SEAFOOD SOULFOOD

Tofu Pineapple Stir-Fry

Ingredients

– 1 cup fresh pineapple, cut into chunks

– 1 cup extra firm tofu, cubed

– 1 red bell pepper, cut into one-inch chunks

– 2 stalks celery, sliced

– 3/4 cup carrot, cut into matchsticks

– 4 cloves garlic, minced

– 2 tablespoons pureed lemongrass

– 12 dried chilies

– 4 tablespoons peanut oil, divided

– 3 tablespoons soy sauce

– 2 tablespoons oyster sauce

– 2 teaspoons sesame oil

– 1/2 tablespoon demerara sugar

– 1 teaspoon sambal oelek

 

Preparation

In a small bowl mix soy sauce, oyster sauce, sesame oil, sambal oelek and sugar together and set aside.

 

In a large wok heat 2 tbsp of peanut oil over high heat.

 

Add chilies and lemongrass and fry until fragrant.

 

Add tofu and stir-fry until golden.
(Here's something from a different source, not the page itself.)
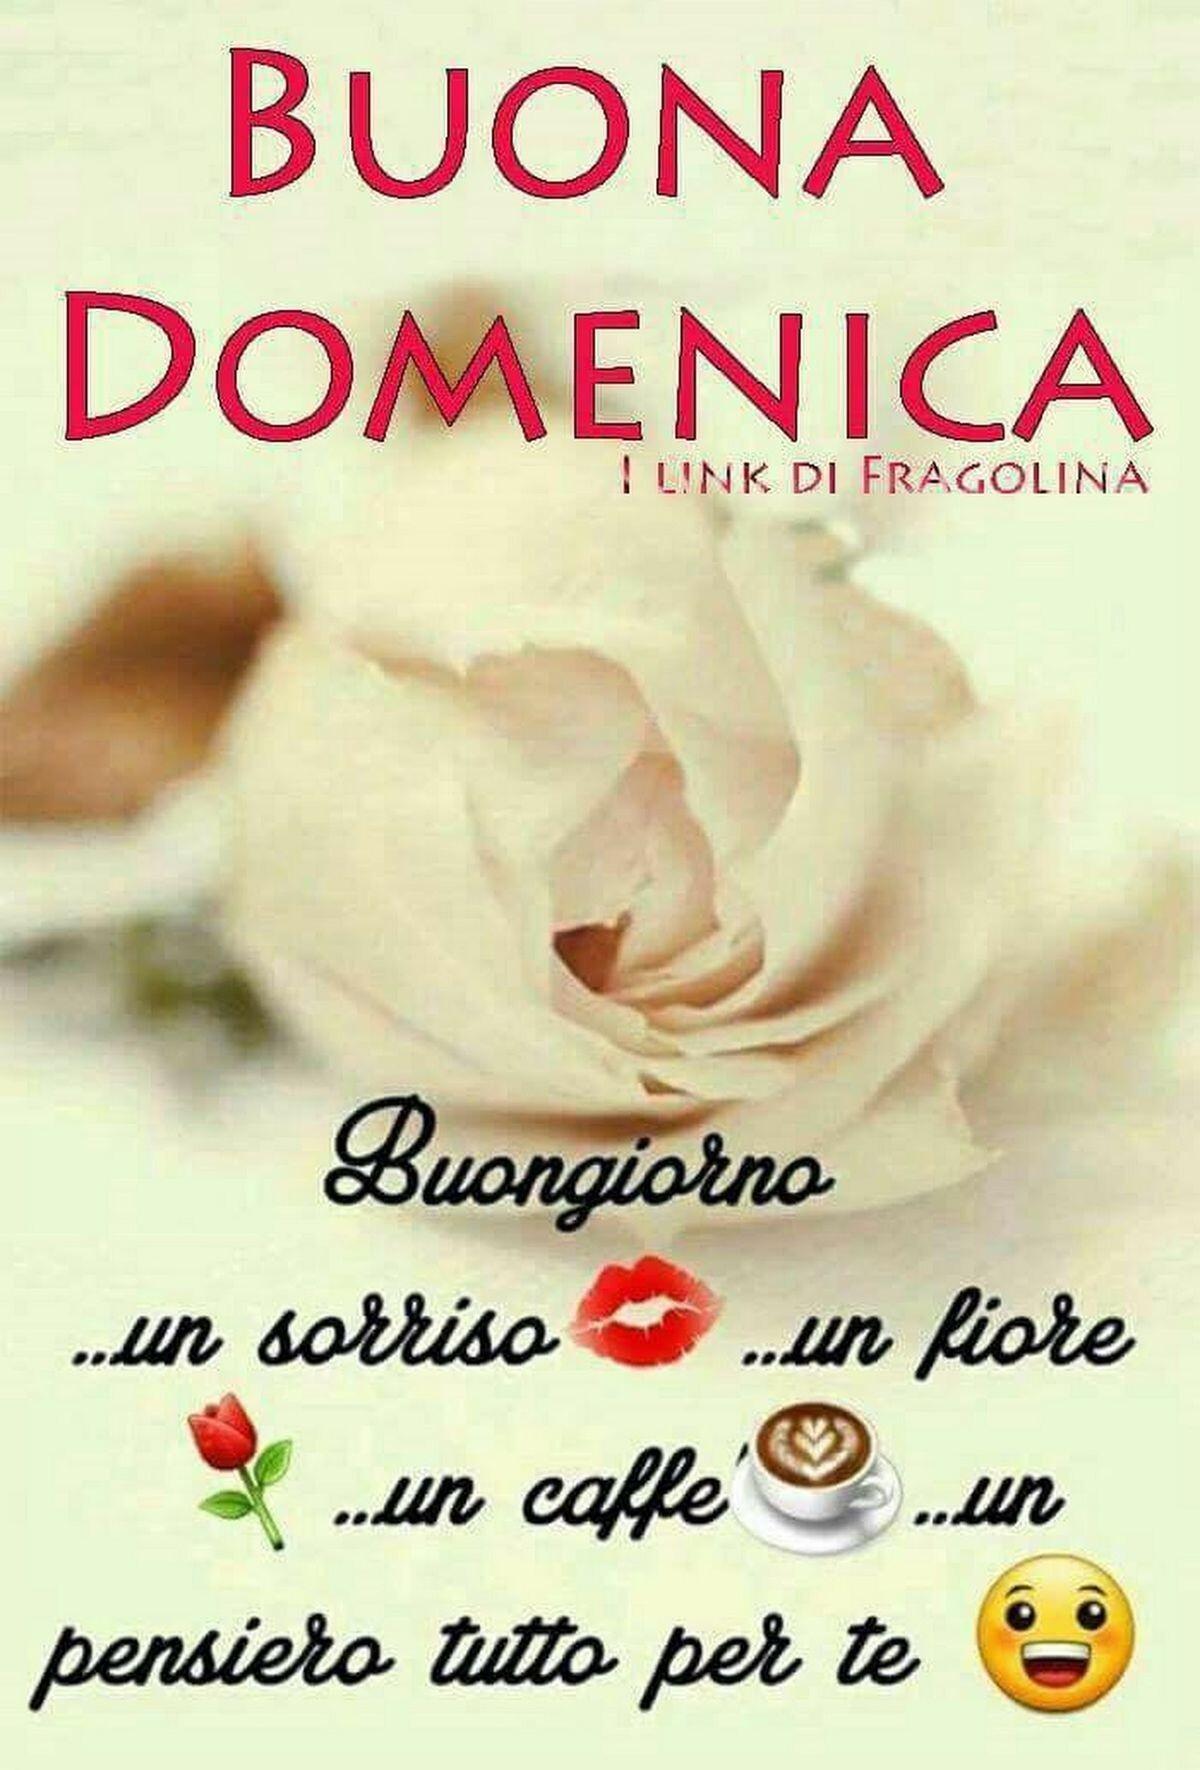 Buona Domenica Buongiorno... un sorriso... un fiore... un caffè... un pensiero tutto per te!

About five minutes

 

Remove chilies and tofu and set aside.

 

Add the remainder of the peanut oil to the wok and add the veggies.

 

Stir-fry until the carrot is tender, but the pepper is still slightly crisp. 4-6 minutes.

 

Add tofu and chilies back and pour in the sauce.

 

Toss to coat and let the sauce reduce slightly. 1-2 minutes.

 

Remove from heat and serve immediately over noodles or brown basmati rice.